UN MOIS AUX CHAINES DE TELE ET aux stations DE RADIO POUR LE PAIEMENT DE LA REDEVANCE
Après les opérateurs GSM, ce sont des responsables des chaînes de télévision et aux stations de radiodiffusion privées émettant à Kinshasa qui se sont retrouvés autour du ministre Tryphon Kin-Kiey Mulumba. Au menu de la rencontre, le paiement de la redevance de radiodiffusion sonore et télévisuelle Le numéro un des PTNTIC leur accorde trente jours pour se mettre en règle avec la loi. L'objectif de cette réunion était donc de sensibiliser les patrons de tous ces médias sur l’obligation de payer les redevances que leurs chaînes doivent à l'Etat congolais.
Sans mâcher ses mots, le ministre Kin-Kiey Mulumba a rappelé l'urgence pour ces entreprises de s'exécuter, «sous peine de se voir retirer les autorisations», indique-t-il.
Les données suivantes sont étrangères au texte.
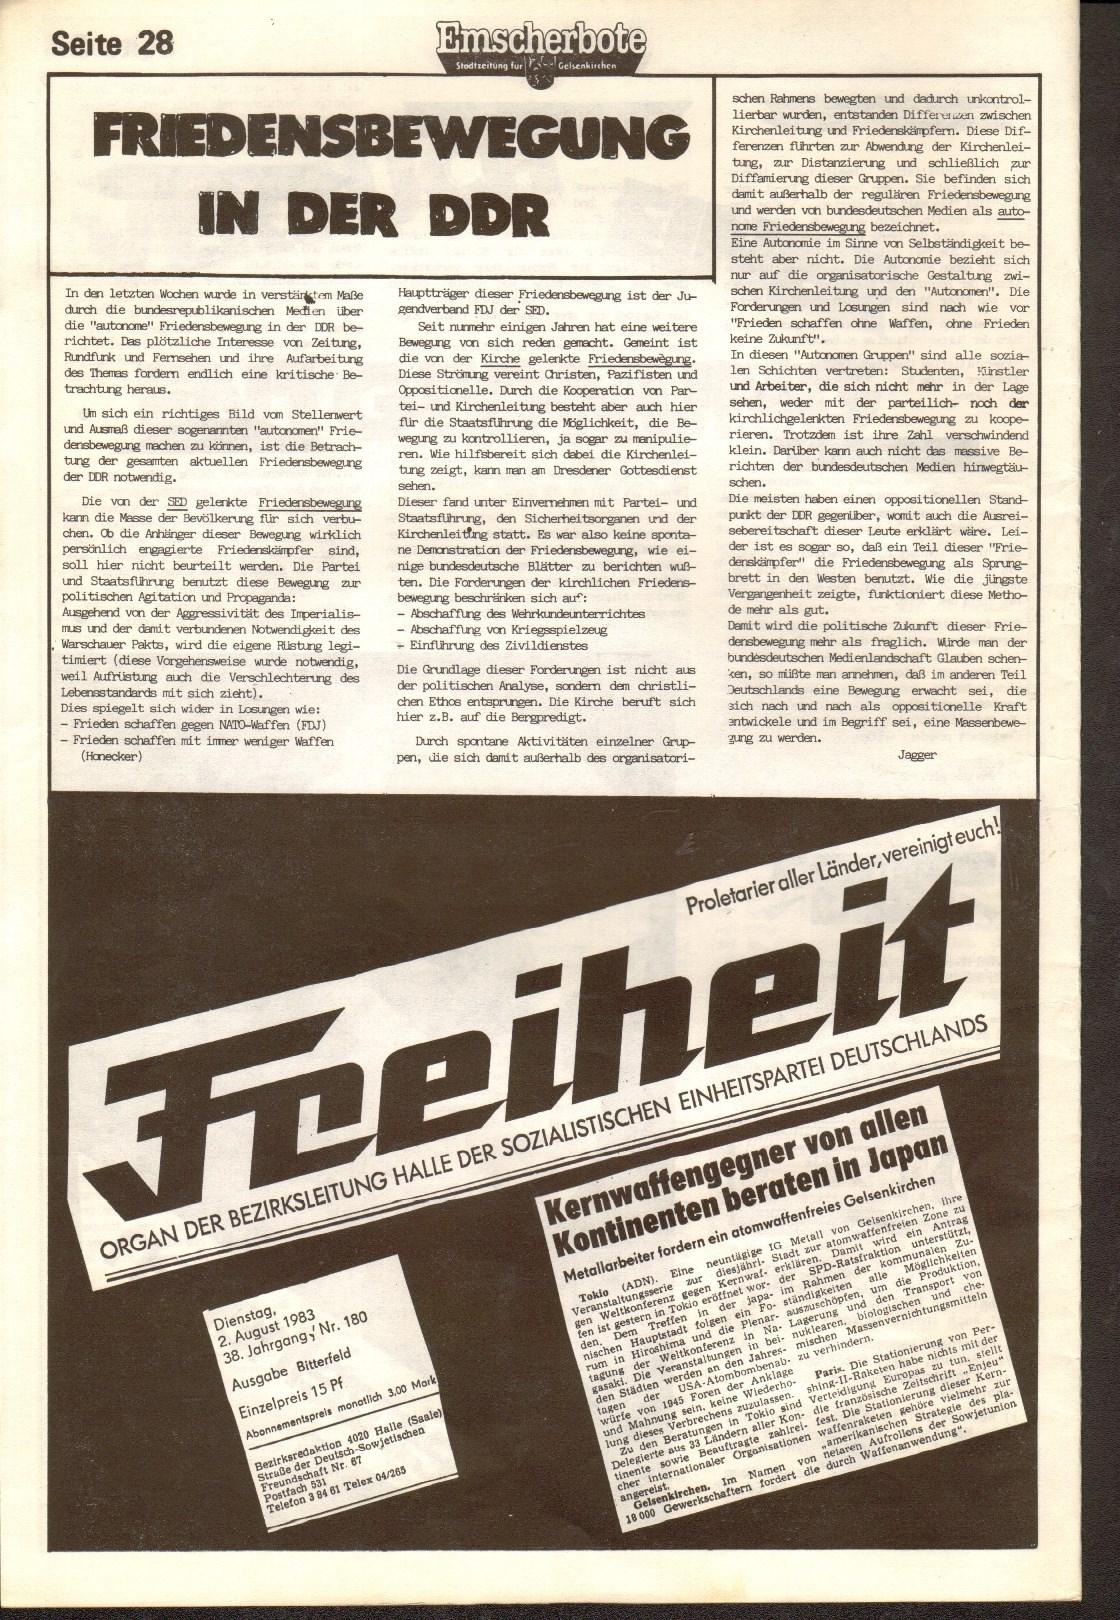 Gelsenkirchen_Emscherbote_1983_31_28

L’équipe Matata, poursuit-il, «est un Gouvernement de résultats, ce qui veut dire qu'il sera jugé sur les résultats». En d'autres termes, «il est dans l'obligation de chercher l'argent partout où il est afin de faire de la RDC, à l'issue du mandat en cours, un pays émergent». Cette obligation, soutient le ministre, «est d'autant plus pressante pour le ministère des Postes, Télécommunications et Nouvelles Technologies de l'Information et de la Communication que ce secteur est le troisième, dans notre pays, comme porteur de croissance et de développement».
C’est de la sorte qu’il a appelé toutes les entreprises de radiodiffusion sonore et télévisuelle à se mettre rapidement en ordre avec l'Administration, pour éviter de se voir retirer les fréquences par le Régulateur. C’est le sens du délai d’un mois accordé aux entreprises concernées. En fait, ce sont deux semaines de grâce qui leur sont accordées par rapport au délai de quinze jours initialement fixé par l'Administration. Kin-Kiey a insisté sur «le caractère commercial de toutes ces entreprises appelées à être concurrentielles et aussi à faire preuve de bonne gouvernance si elles tiennent à survivre dans un contexte économique de plus en plus exigeant». Le patron des PTNTIC a également rappelé l'urgence et la nécessité d'un assainissement au sein de la profession, tout en prenant l'engagement, sur base de la feuille de route de l’Exécutif national, à oeuvrer efficacement pour l'amélioration du cadre législatif, la révision de la fiscalité du secteur ainsi que la mise en place d'un guichet unique.
Présent aux entretiens, le président de l'Autorité de Régulation des Postes et Télécommunications du Congo (ARPTC) a rappelé que c'est depuis 2009 que des mises en demeure ont été lancées. Et que beaucoup de ces entreprises ne se sont même pas acquittées du droit unique, payable lors de l'obtention de l'autorisation.
Les patrons des entreprises de radiodiffusion sonore et télévisuelle se sont engagés, pour leur part, à s'acquitter de leurs redevances. Le seul problème, indiquent-ils, c’est soit «le paiement échelonné» parce que le délai imparti est jugé court, soit «le taux très élevé de la redevance et de la surtaxe». Voilà qui justifie le voeu de la création d'un cadre de concertation susceptible de déboucher sur un taux compatible avec le niveau actuel de leurs activités ainsi que sur la mise en place d'un guichet unique. M. M.